IMPORTANT: In order for the this calculator to work, each obligation must have the four left-hand fields filled in (for interest-free debts enter .001 just to satisfy the APR entry requirement).
Debt consolidation allows people who are struggling with their finances to group their obligations into a single payment. By consolidating your many obligations into a single one, you can often lower your interest rate and end up with a lower monthly payment. Many people find managing a single payment easier than juggling several different bills month after month.
Consolidation is not a magic bullet that gets you out of hot water or causes your creditors to disappear. It's a financial tool that can be used judiciously to give financially strapped borrowers a little breathing room.
Anyone who has taken out several different loans from separate lenders that is having trouble paying their bills each month will benefit from a well-designed consolidation plan. Obviously, if you keep incurring late fees and penalties as you scurry to make ends meet every month, you need a better plan.
For example, if you're carrying balances on three different credit cards with interest rates of 10% , 15%, and 22% respectively, you may be able to combine those three cards into one payment with an interest rate of about 12%. A simple grouping could save you thousands every year and ease the pressure on your budget.
Similarly, consolidating can make your budget more manageable by lowering your minimum monthly payment. In the example above, let's say the three cards required minimum monthly payments of $129, $106, and $92. That’s a total monthly outlay of $327 at a minimum - ouch! By consolidating, you may be able to replace your three monthly bills with one payment carrying a minimum monthly obligation of about $225 - $250. As you can see, this is considerably less daunting.
However, this financial breathing room comes with a price. A lower monthly payment means you'll be paying more interest in the long run. In other words, you'll owe money longer and make your lender rich in the process.
Consolidation should only be used for its intended purpose - to reduce the total amount of your debt in a controlled environment. It should never be used as a Magic Slate solution to "lift" your obligations off the page. So don’t think that you can start racking up new debts.
If you consolidate and you spend money like a drunken fool, you might as well put a couple of oars on your credit card because you're paddling straight into the perfect storm. You'll be underwater in a matter of months.

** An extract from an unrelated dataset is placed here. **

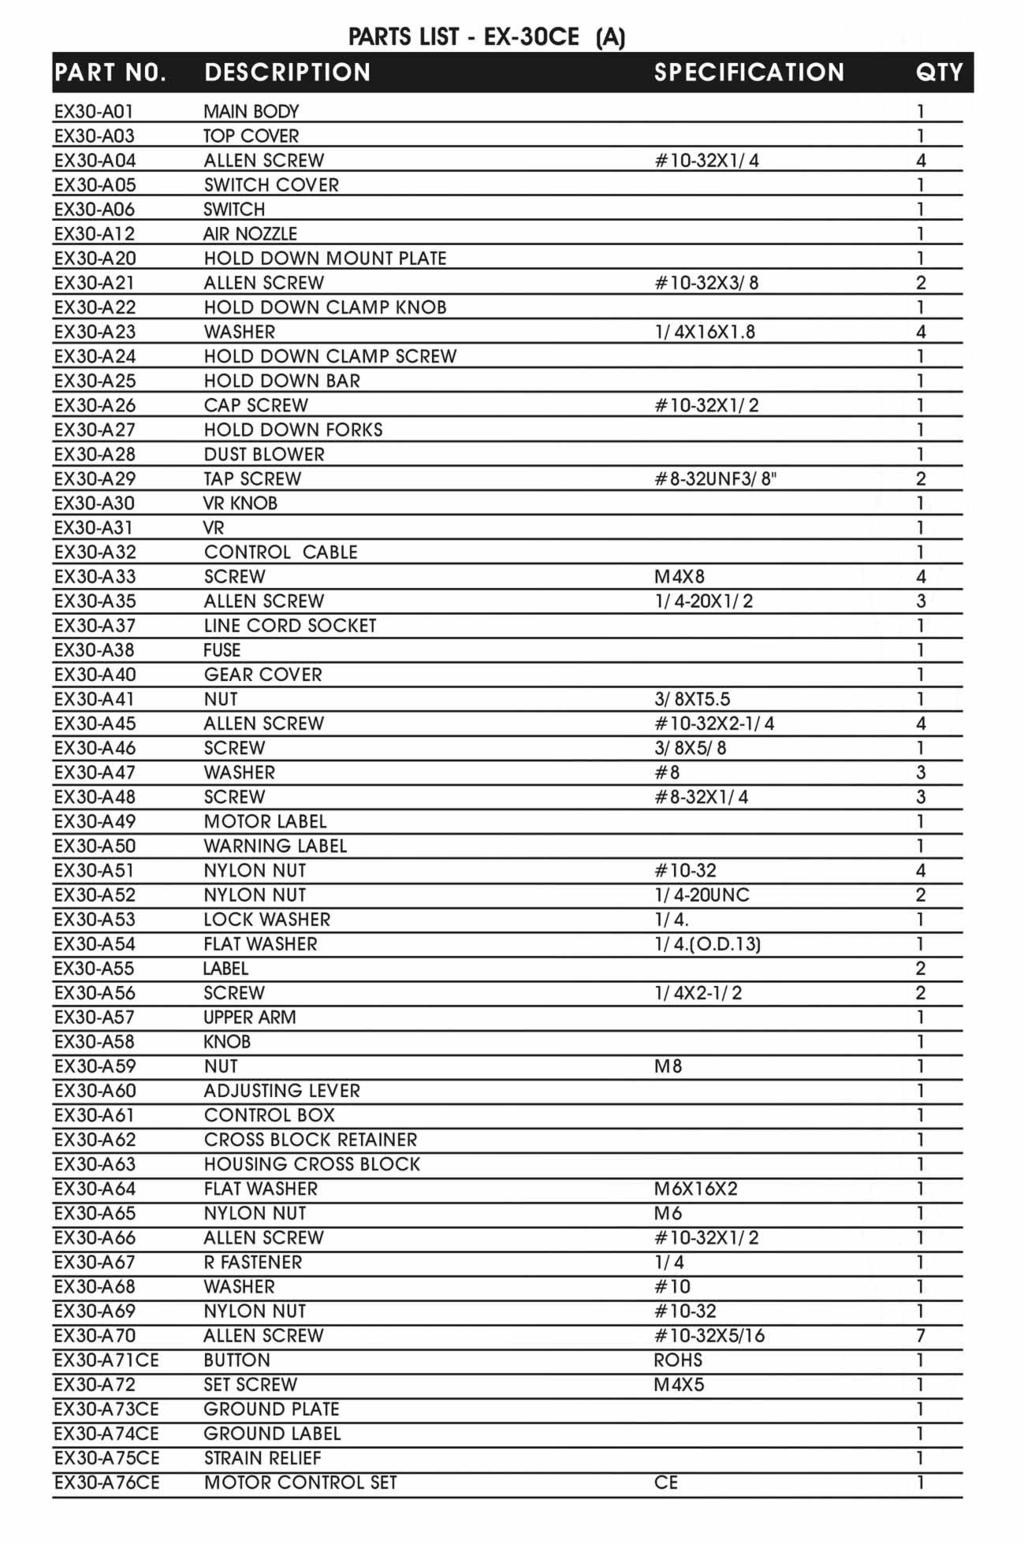 EX-30 Prts List (A).

For those who are serious about getting out of debt, consolidating will be a great help if :
People with good credit scores have access to lower interest funding options.
There is no single program or agenda for consolidating debt. But there are myriad financial options to help you reduce the strain on your budget and group your obligations together into one umbrella payment. Choosing the right option for the right reason will make you fiscally responsible and put you on the road to debt-free independence; choosing the wrong option may leave you shirtless.

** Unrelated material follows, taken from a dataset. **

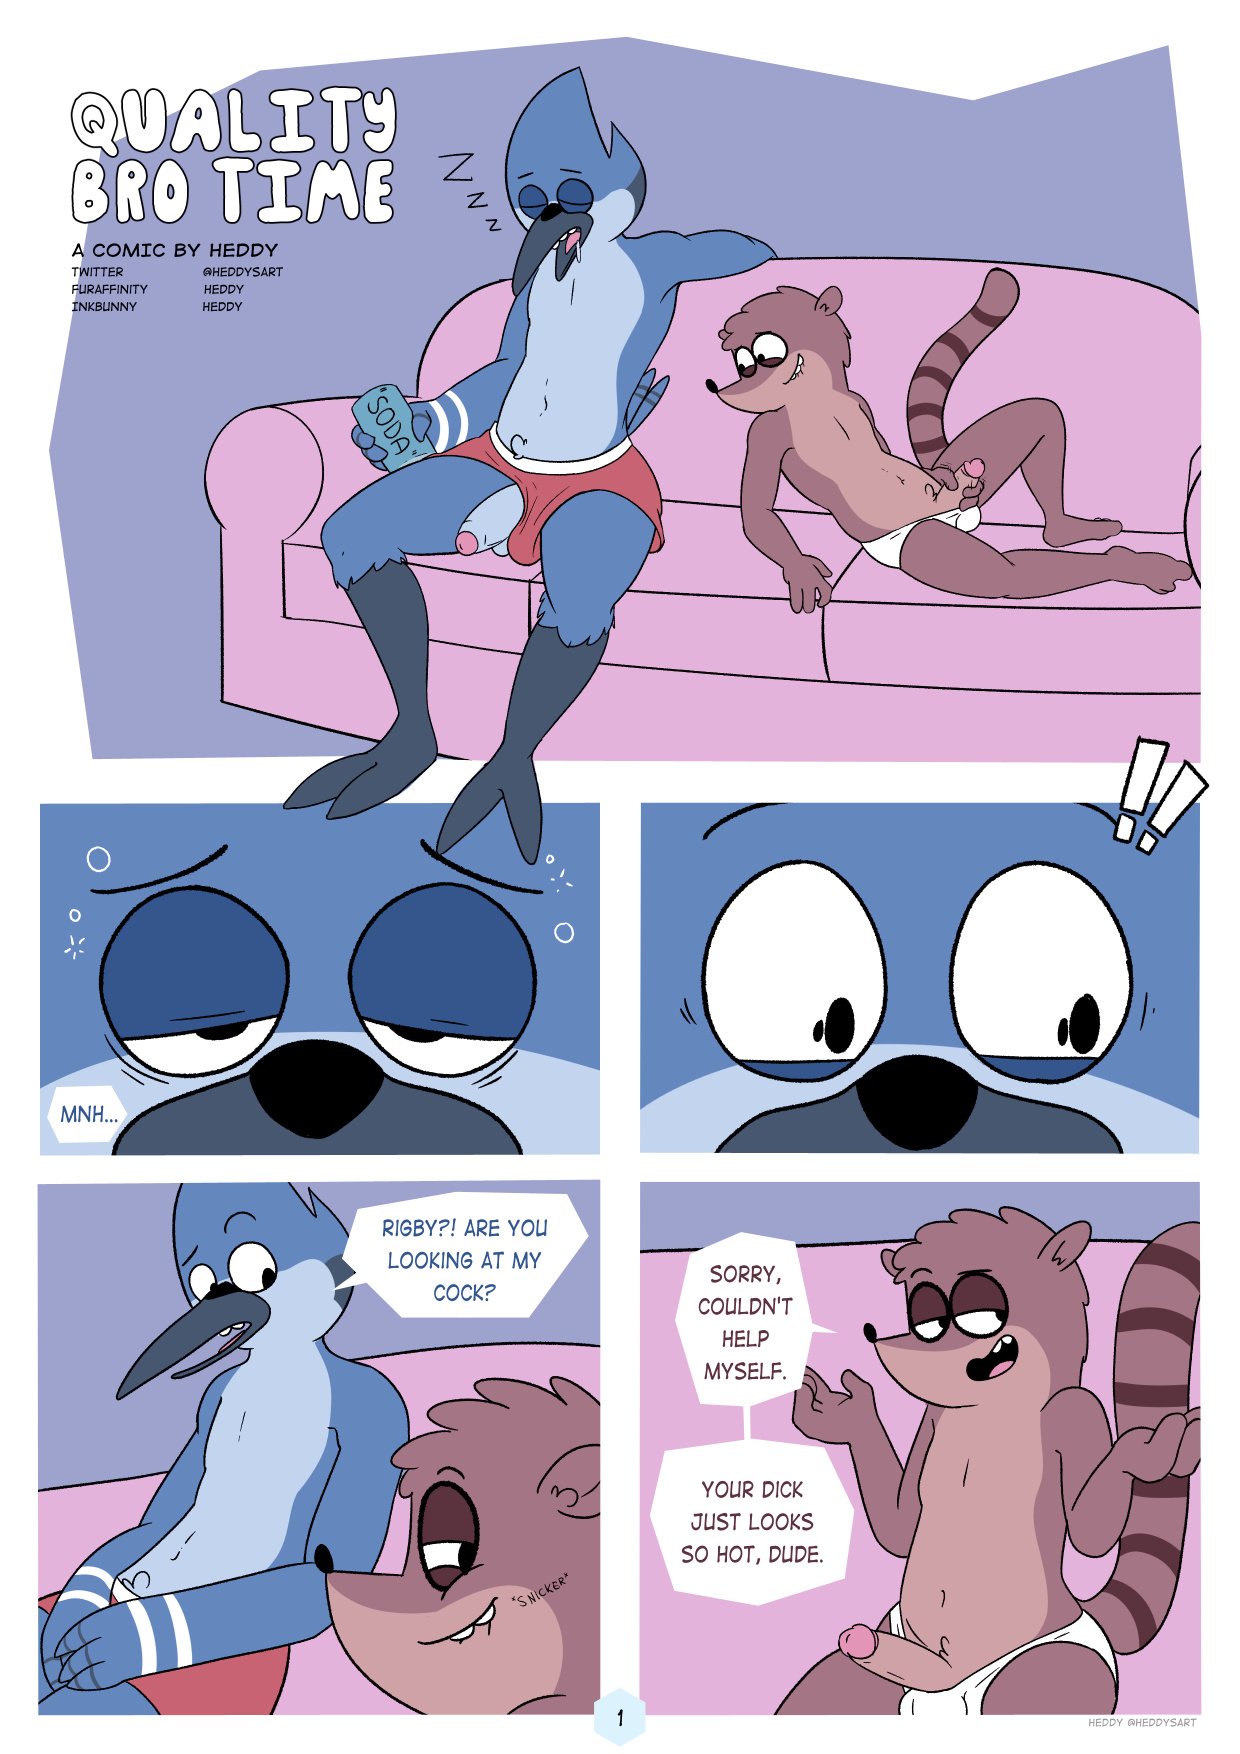 Mordecai and the rigby porn comics

There are a lot of companies looking to help you stay afloat, so be sure to compare them side-by-side and point-by-point.
A debt consolidation company will pay off all your outstanding debts, and you will no longer owe your creditors any money. Instead, you will owe that company an amount that equals all of your previous obligations, which you can pay in one simple monthly payment. The lower the APR you can find for this option, the more appealing it is.
But there are pitfalls and drawbacks to simplifying your finances this way. Once you have signed on to the agreement, there is no backtracking. As you can imagine, this helpful service is not free. In addition to principal and interest payments, there are fees, and these can eat you alive if you have less-than-perfect credit.
In some cases it might make sense to negotiate debt settlement on some specific debts before considering a broader debt consolidation program.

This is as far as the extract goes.